Interpretable clustering via optimal multiway-split decision trees
Hayato Suzuki, Shunnosuke Ikeda, Yuichi Takano
TL;DR
This work proposes an interpretable clustering method based on optimal multiway-split decision trees, formulated as a 0-1 integer linear optimization problem, which yields multiway-split decision trees with concise decision rules while maintaining competitive performance across various evaluation metrics.
Abstract
Clustering serves as a vital tool for uncovering latent data structures, and achieving both high accuracy and interpretability is essential. To this end, existing methods typically construct binary decision trees by solving mixed-integer nonlinear optimization problems, often leading to significant computational costs and suboptimal solutions. Furthermore, binary decision trees frequently result in excessively deep structures, which makes them difficult to interpret. To mitigate these issues, we propose an interpretable clustering method based on optimal multiway-split decision trees, formulated as a 0-1 integer linear optimization problem. This reformulation renders the optimization problem more tractable compared to existing models.
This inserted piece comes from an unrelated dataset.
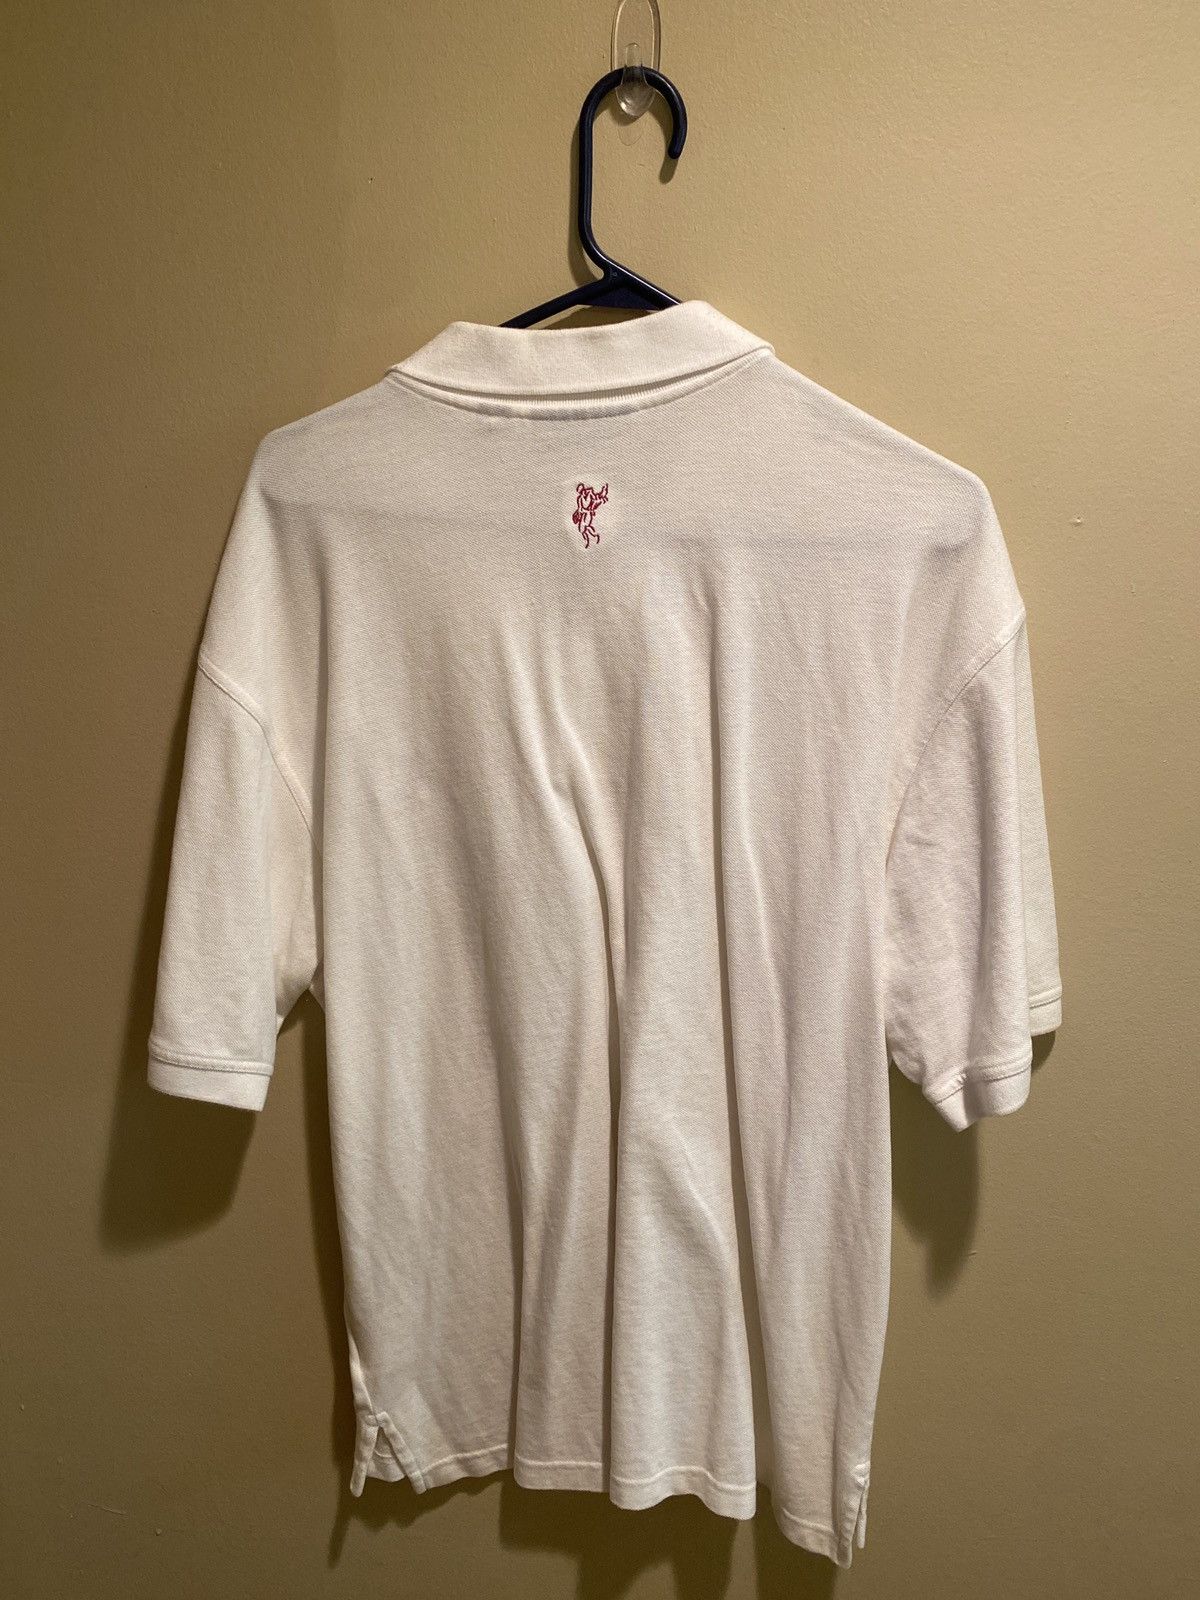 Ashworth Alabama Vintage Collared Shirt Size US XL / EU 56 / 4 - 2 Preview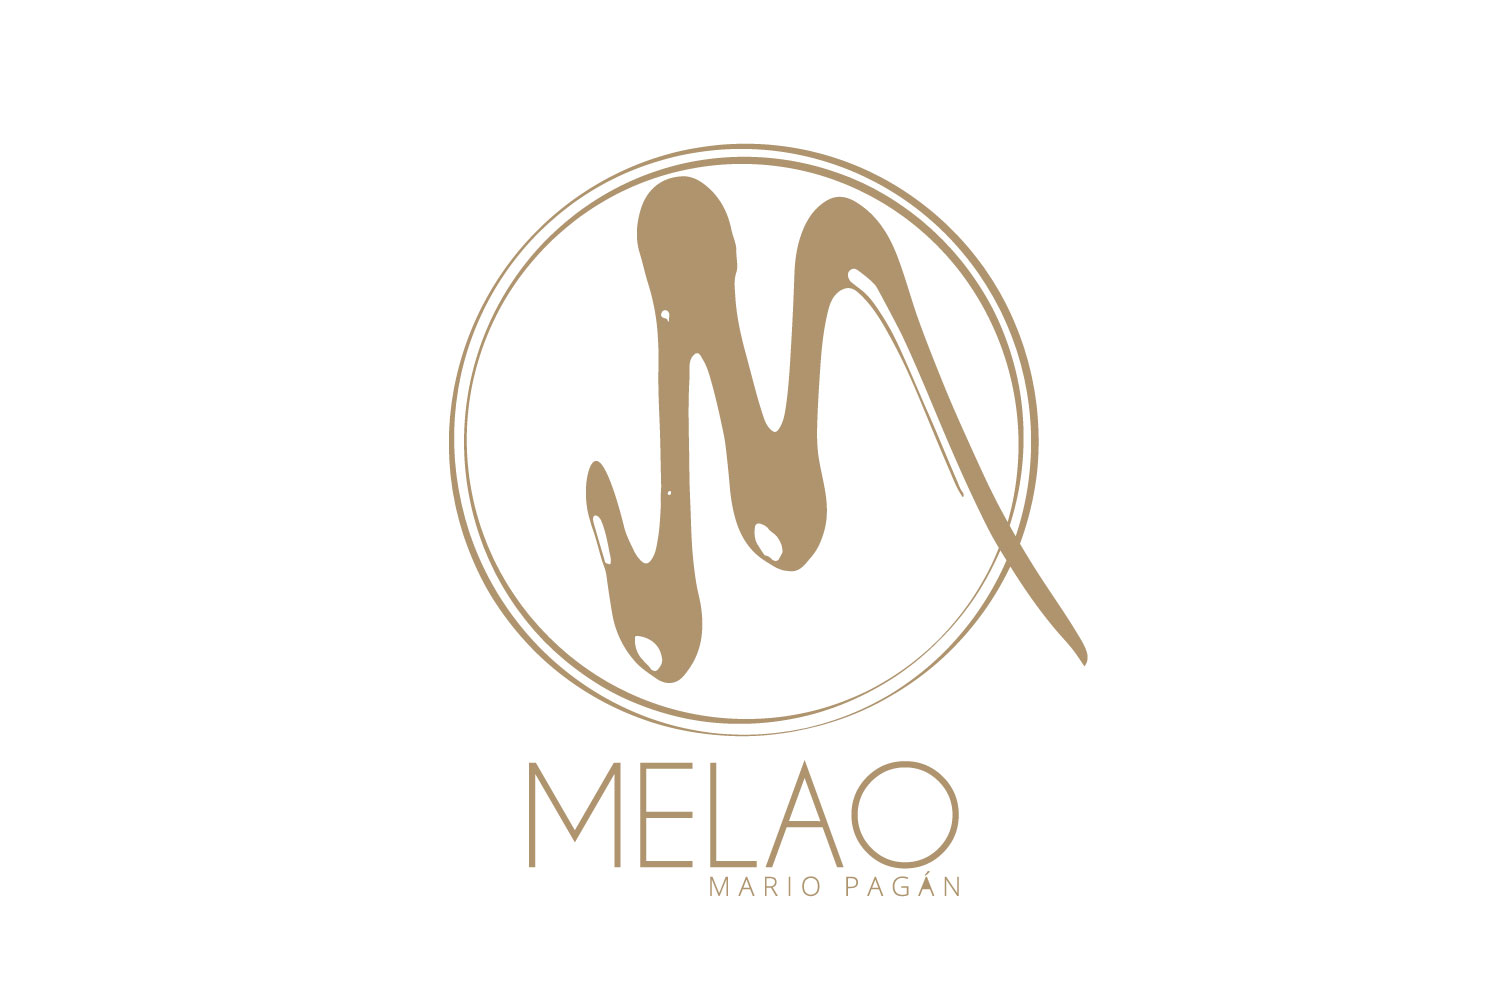 Melao by Mario Pagan - PRISA Group

A key feature of our method is the integration of a one-dimensional K-means algorithm for the discretization of continuous variables, allowing for flexible and data-driven branching. Extensive numerical experiments on publicly available real-world datasets demonstrate that our method outperforms baseline methods in terms of clustering accuracy and interpretability. Our method yields multiway-split decision trees with concise decision rules while maintaining competitive performance across various evaluation metrics.